Should your next mobile app be an HTML5 web app?

Summary:Building a smartphone app - should your developers be going HTML5 or native?

Building a smartphone app - should your developers be going HTML5 or native?


HTML5: The future of mobile apps?Photo: W3C

If your organisation is still getting to grips with smartphone apps it may be in for a shock - an even newer class of app is bearing down, one which promises to cut multi-platform development hassles and hurdle compatibility issues. Say hello to the HTML5 mobile web app.

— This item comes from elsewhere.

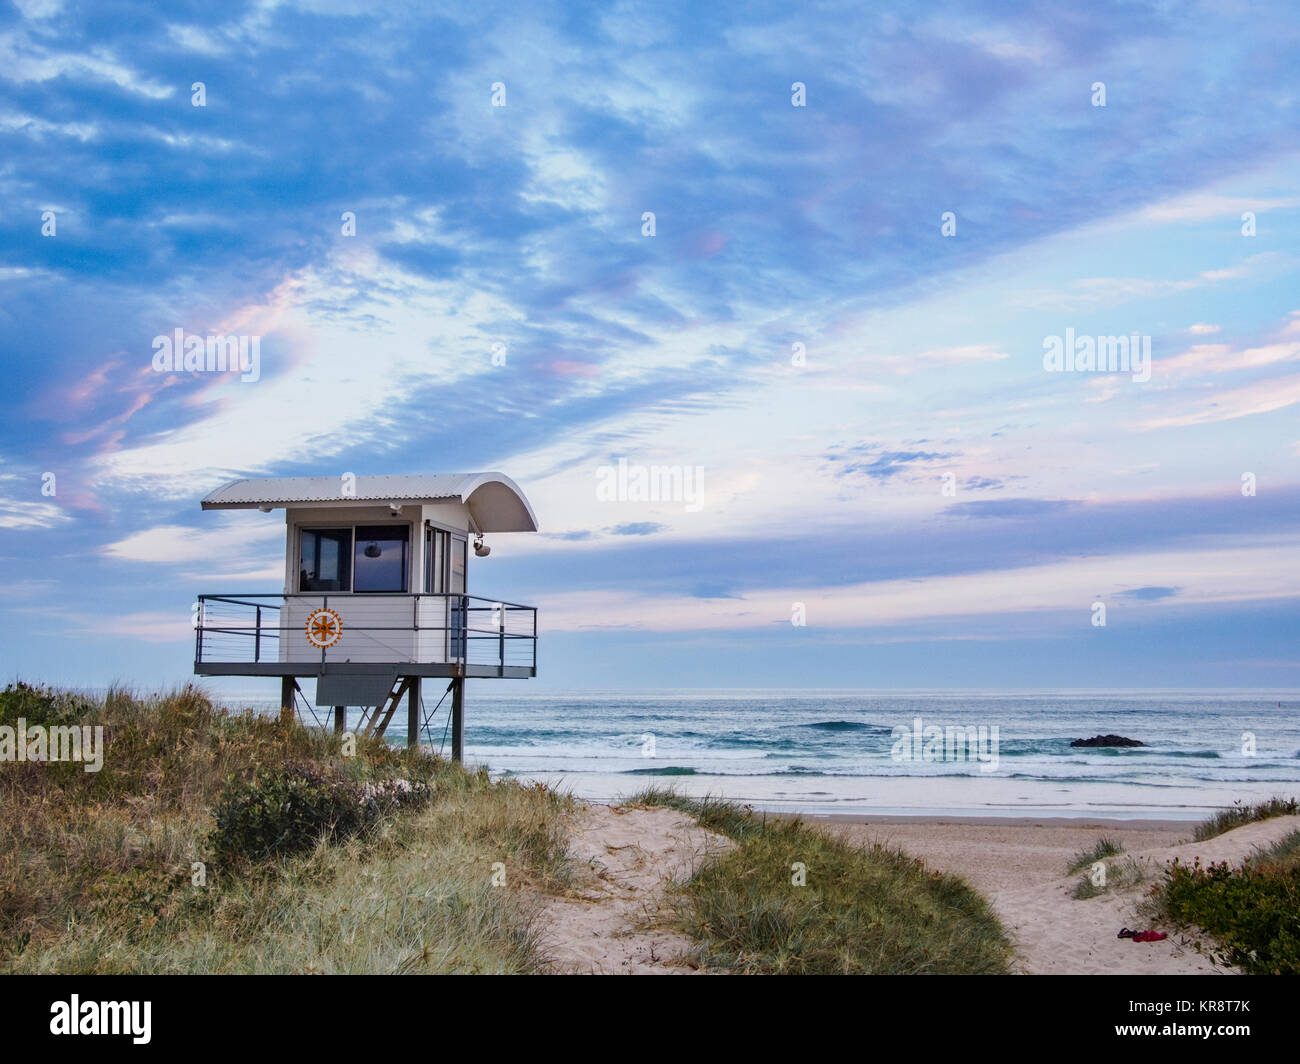 Australia, New South Wales, Lifeguard hut against moody sky Stock Photo

HTML5 is the newest specification of the software code that web pages are created in. It adds rich functionality to browsers - so it's goodbye annoying plug-ins, hello natively streaming audio/video and more. This new specification turns the browser into a rich runtime environment, meaning web apps running within a browser can effectively match the functionality of, and even replace, native mobile apps.

"It's an inevitable trend," says Nick Dillon, analyst at Ovum. "We're going to see much more stuff moving to web apps, and away from the native mobile apps which we've had of late. It's a natural evolution.

"There's an obvious parallel with looking at the PC desktop world in the way that pretty much everything now is going to web apps and online, and all the advantages and all the reasons behind those moves are going to be largely similar to the motivations in the mobile world."

There are several big potential advantages - in the words of Dominic Shine, CIO at events organiser Reed Exhibitions (RX): "The promise of HTML5 is to provide a more generic approach to developing mobile apps that will work across all platforms without the cost and complexity of creating and maintaining apps for iPhone, iPad, Android phone, Android tablet, BlackBerry and Windows Mobile."

The hassle of maintaining mobile apps across multiple platforms is all too often a recipe for buggy apps and development headaches, and the high cost of developing apps often means companies have to limit the number of mobile platforms they develop for - excluding any customers who use devices on alternative platforms.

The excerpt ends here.